### WHAT IS REQUIRED
Copy all the data exactly, except the pictures.

### DATA

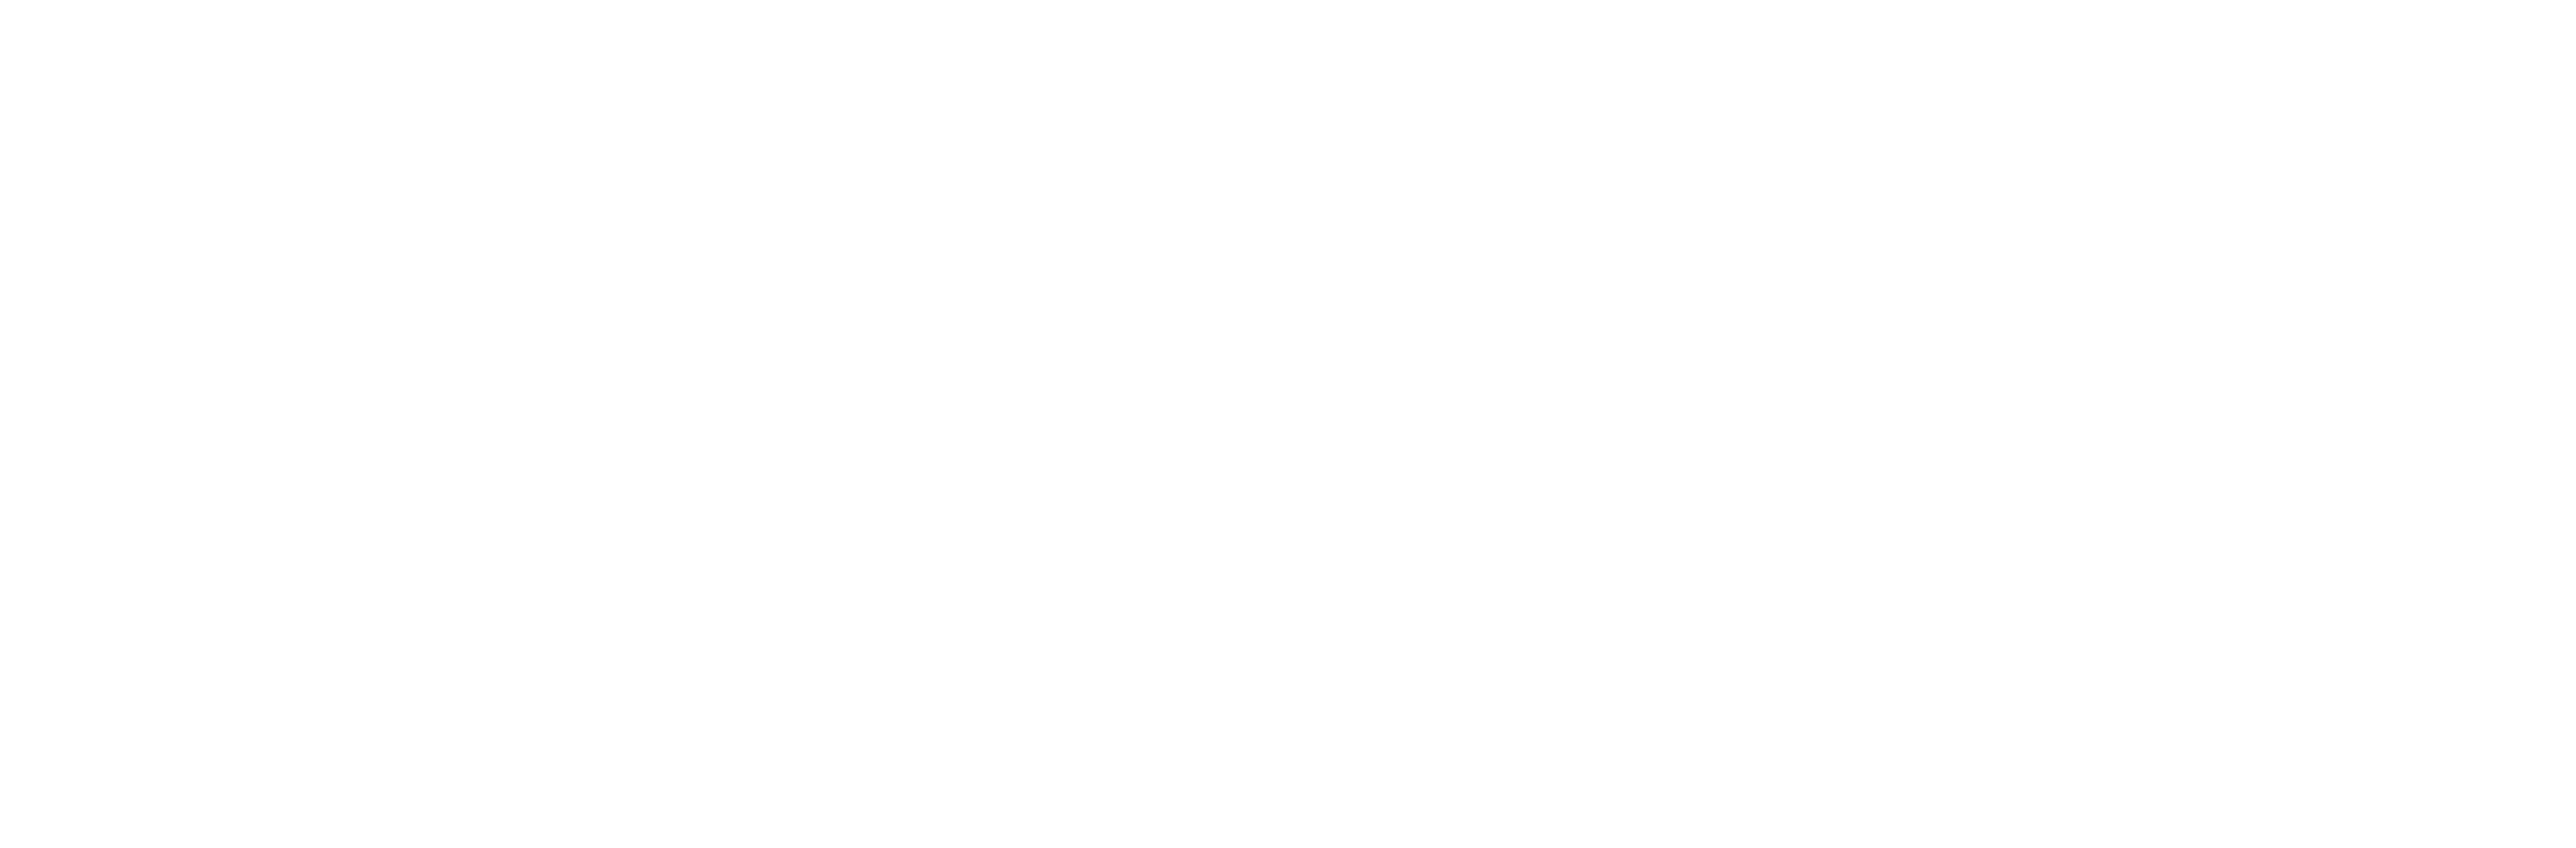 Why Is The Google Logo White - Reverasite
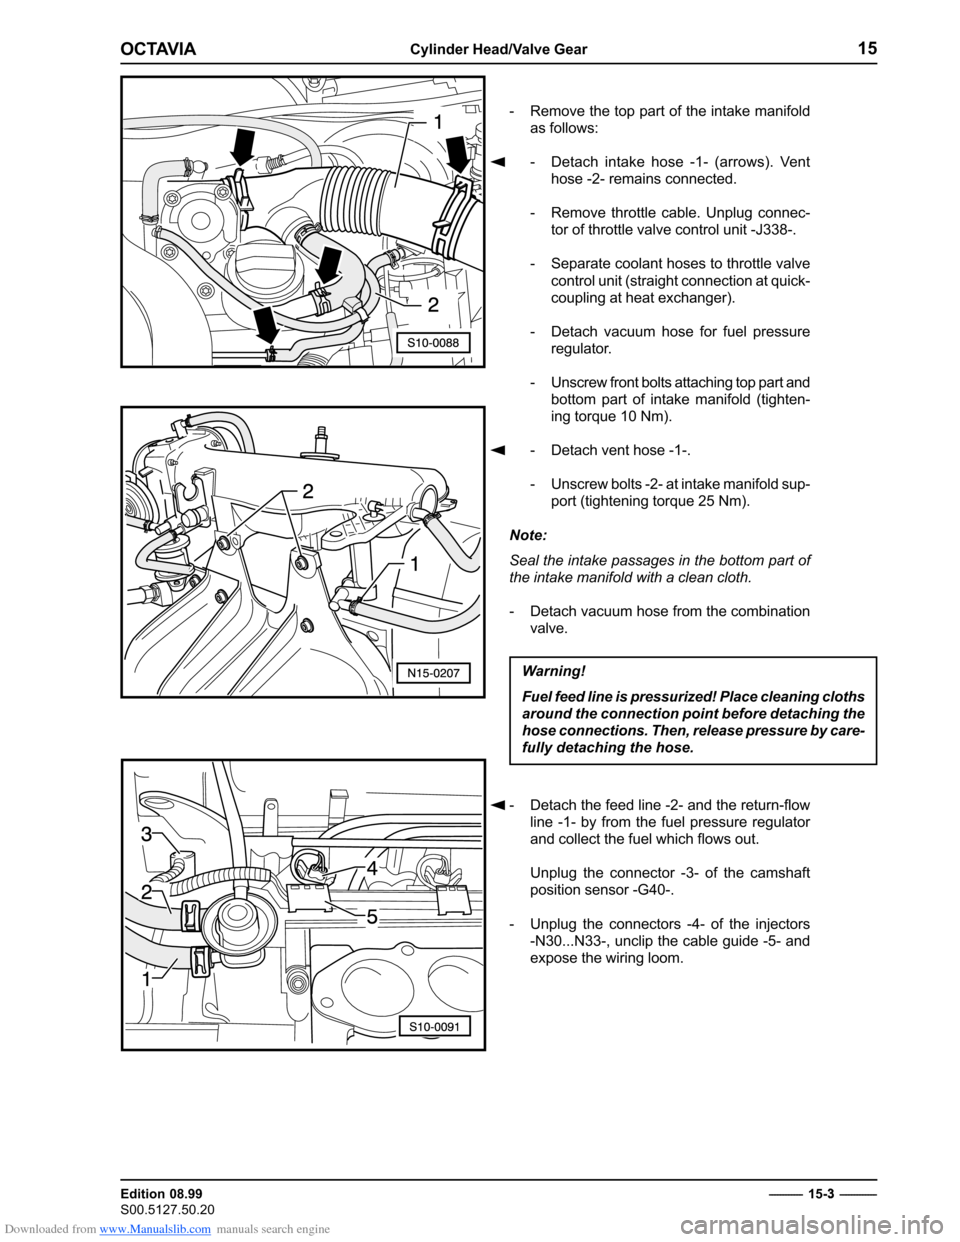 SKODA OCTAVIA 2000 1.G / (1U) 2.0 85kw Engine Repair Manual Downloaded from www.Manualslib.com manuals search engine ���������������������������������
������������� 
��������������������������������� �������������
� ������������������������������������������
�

### SOLUTION
 Why Is The Google Logo White - Reverasite
 SKODA OCTAVIA 2000 1.G / (1U) 2.0 85kw Engine Repair Manual Downloaded from www.Manualslib.com manuals search engine ���������������������������������
������������� 
��������������������������������� �������������
� ������������������������������������������
�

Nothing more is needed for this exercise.